斋藤月送到府门口,又是一番道谢。马车已经备好,三人上车,车帘放下。
马蹄声渐渐远去。
斋藤月站在门口,望着那辆马车消失在夜色里,久久不动。
夜风吹过,他打了个寒噤。
忽然想起王玄策最后那句话。
生意上的事。
他笑了笑,转身进门。
不管是什么生意,既然接了这份情,就得接着走下去。
大唐,长安。
魏府门前的红灯笼还亮着,在风里轻轻晃。
张勤站在台阶上,抱着杏儿,看着苏怡跟义母道别。
“阿娘,我们就先回去了,过些日子得了空再来。

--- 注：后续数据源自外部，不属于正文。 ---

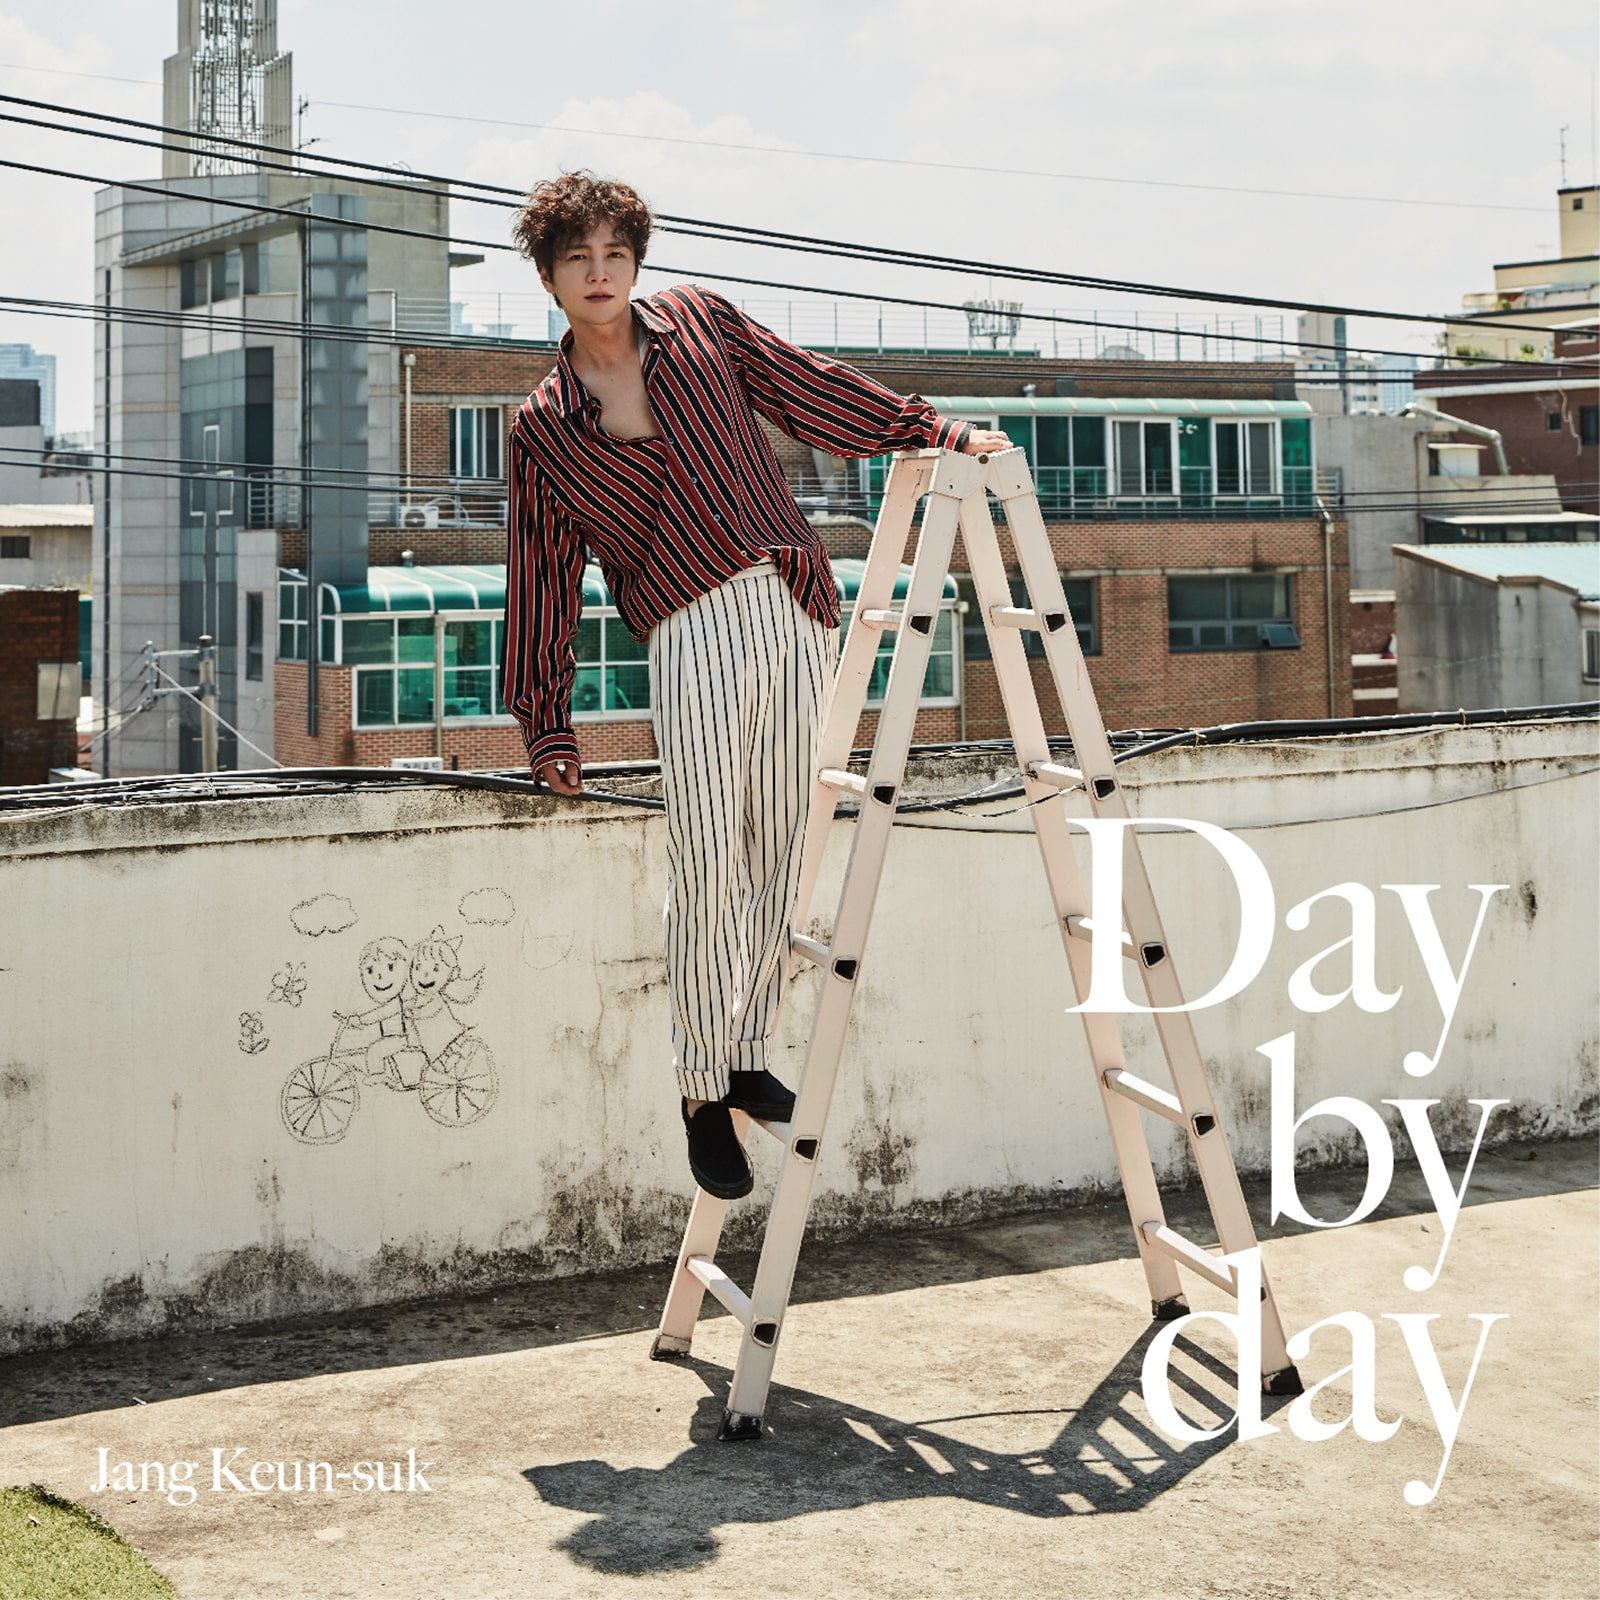 チャン・グンソク「Day by day」<初回限定盤B>

”
“好好,你们待到今天初五,阿娘我已经很开心的。路上慢点”
杏儿裹得严严实实,只露出一张小脸,眼睛亮晶晶的,伸着小手朝义母挥。
“阿婆”她喊着,口齿不清,但喊得起劲。
义母笑得眼角皱纹都开了,伸手摸摸她的脸:“乖,过些日子再来。”
林儿被奶娘抱着,也在旁边咿咿呀呀地叫着。
苏怡拉着义母的手,说了几句体己话,这才松开。
马车在门口等着。
韩玉掀开车帘,张勤把杏儿递进去,苏怡跟着上了车。
奶娘抱着林儿也上去。
车帘放下,马车缓缓驶离。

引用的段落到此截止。